# [WHAT YOU SHOULD DO]
What should come back is the data below, word for word, minus any picture.

# [STORED DATA]

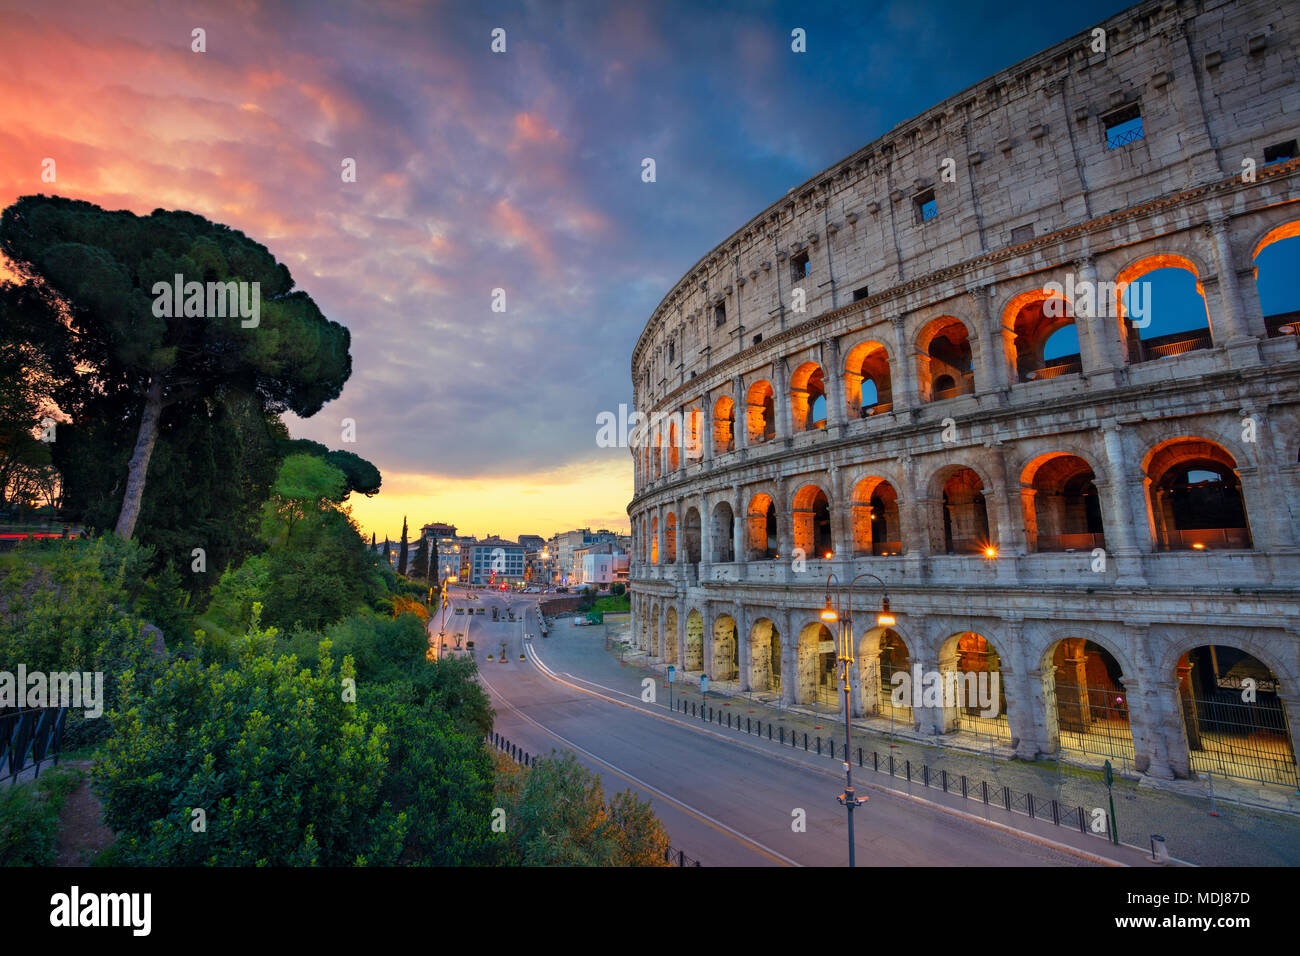 Coliseo. Imagen del Coliseo en Roma, Italia, durante bellos amaneceres. Foto de stock
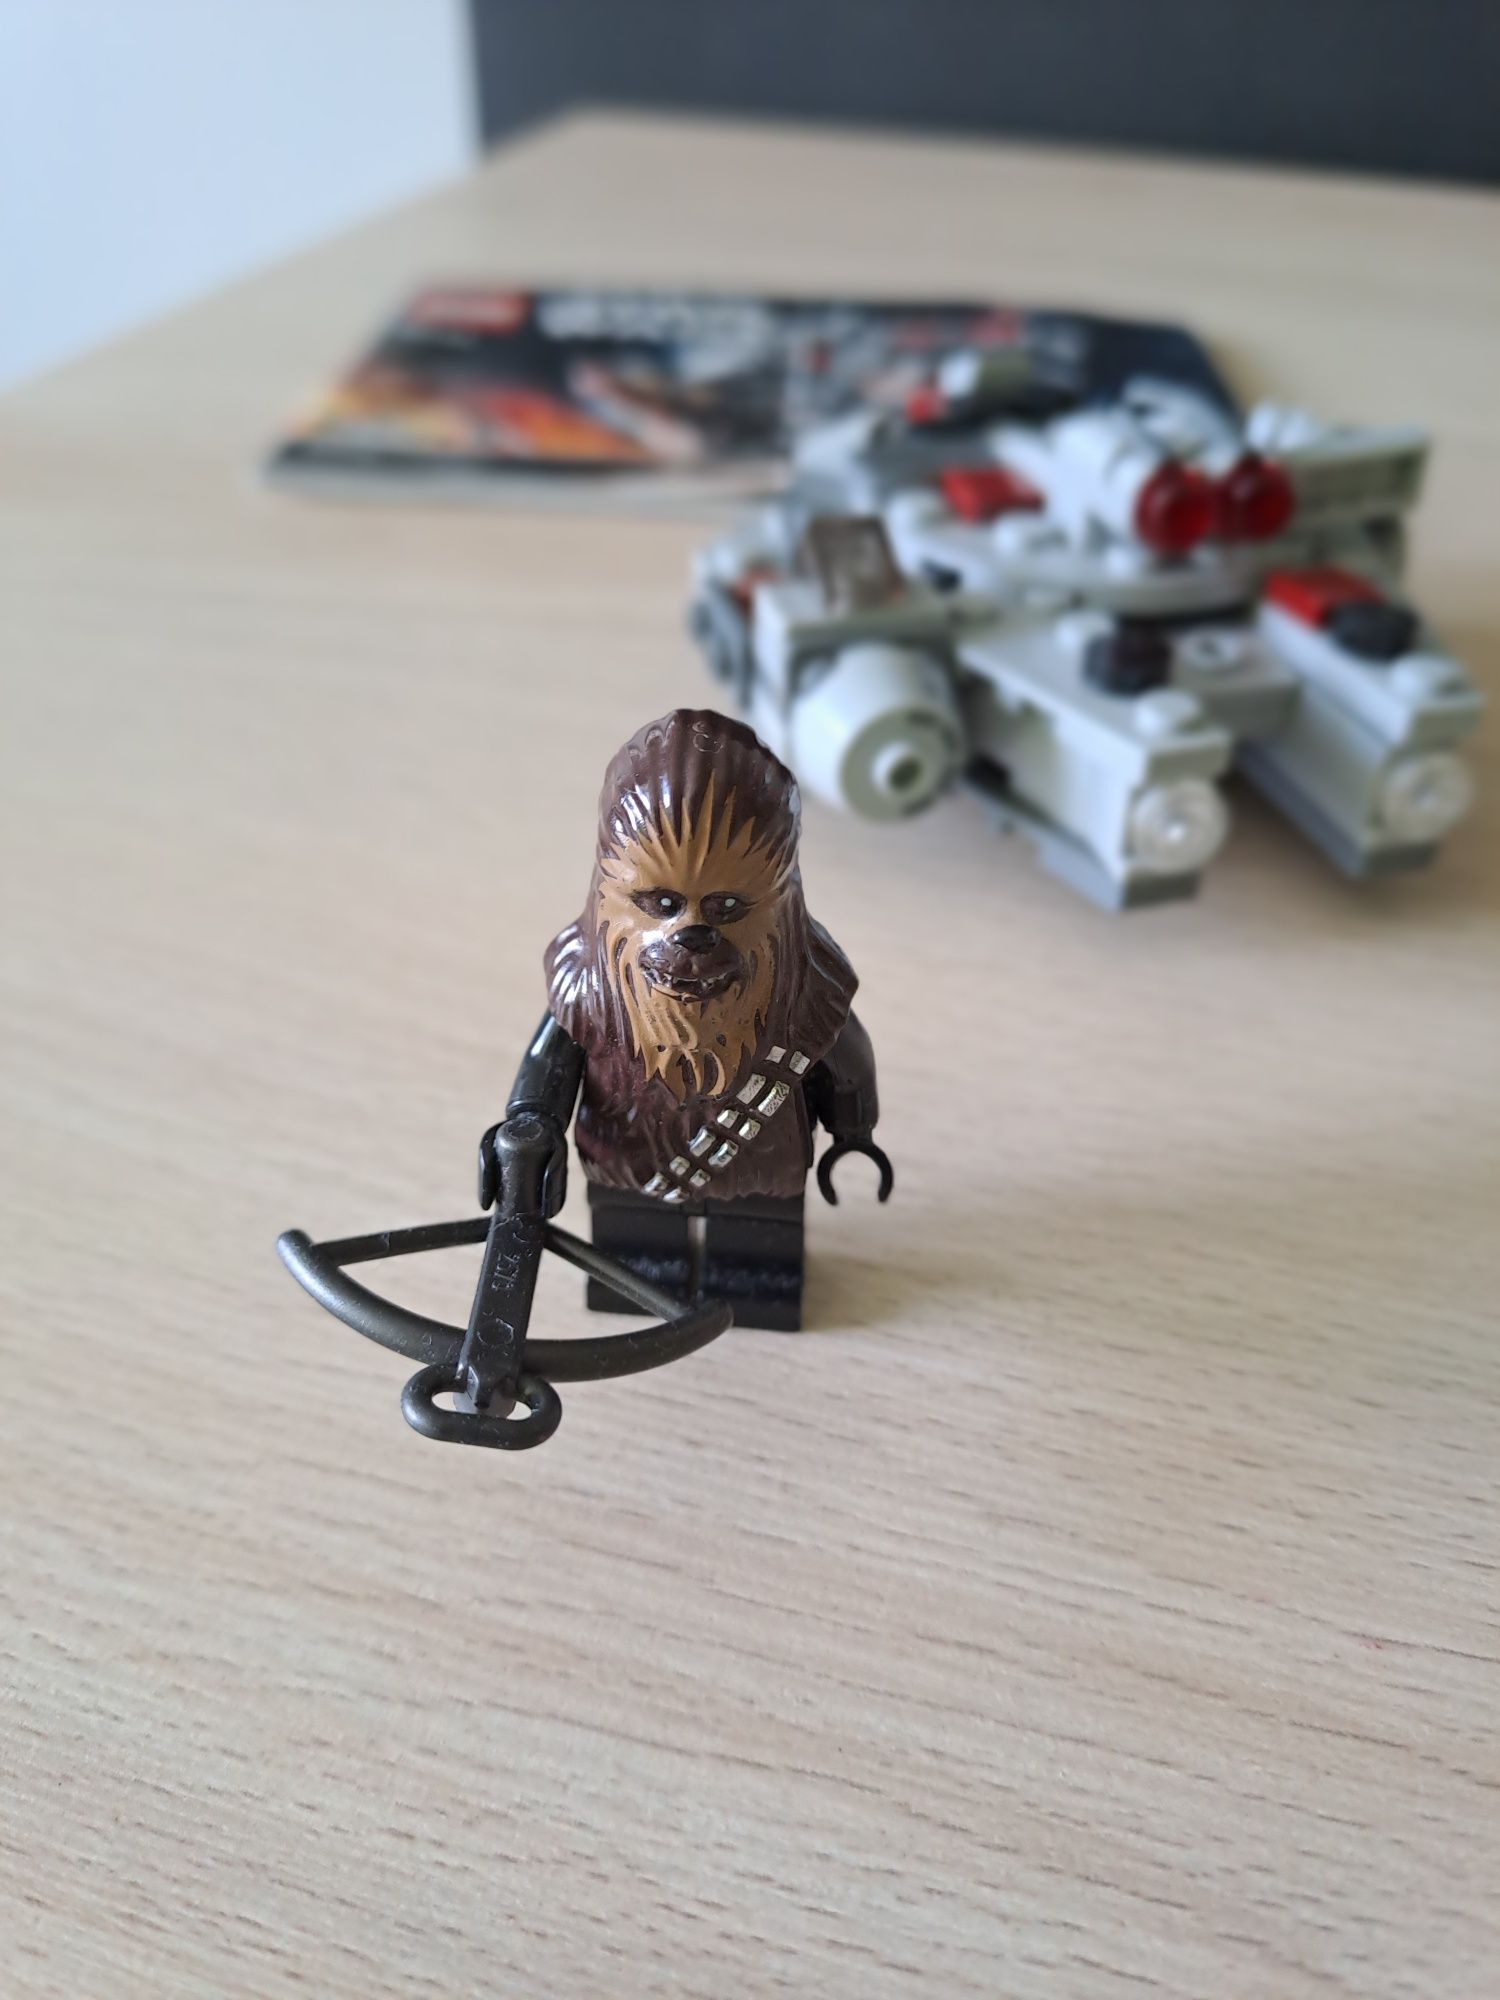 Lego Star Wars 75193
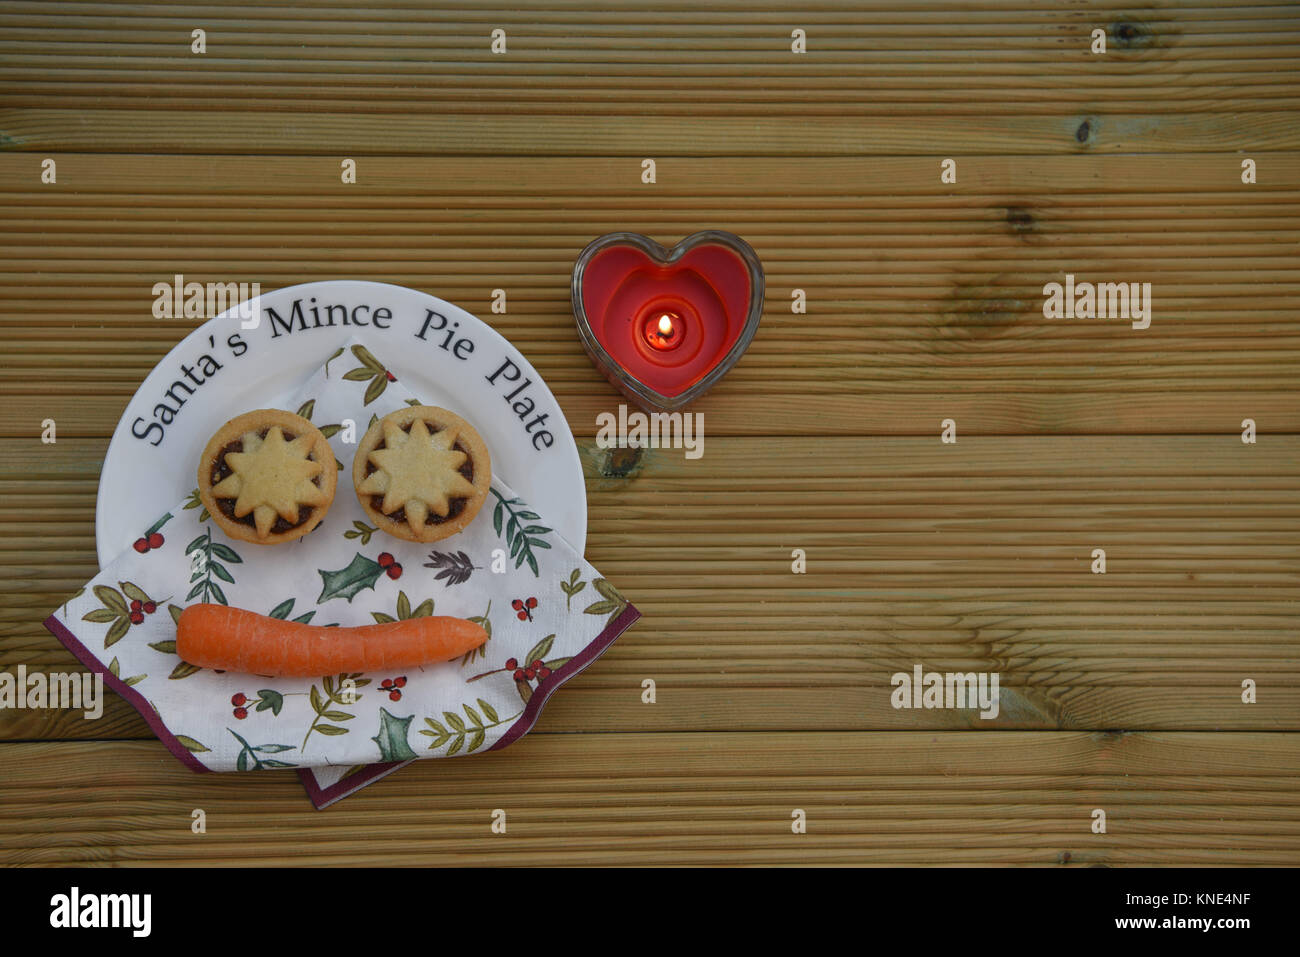 Weihnachten essen Fotografie Bild mit Santa Torte Platte und orange Karotte für das Rentier mit Liebe Herz mince auf Holz Hintergrund Kerze Stockfoto

# [FINISHED EXERCISE]
 Coliseo. Imagen del Coliseo en Roma, Italia, durante bellos amaneceres. Foto de stock
 Lego Star Wars 75193
 Weihnachten essen Fotografie Bild mit Santa Torte Platte und orange Karotte für das Rentier mit Liebe Herz mince auf Holz Hintergrund Kerze Stockfoto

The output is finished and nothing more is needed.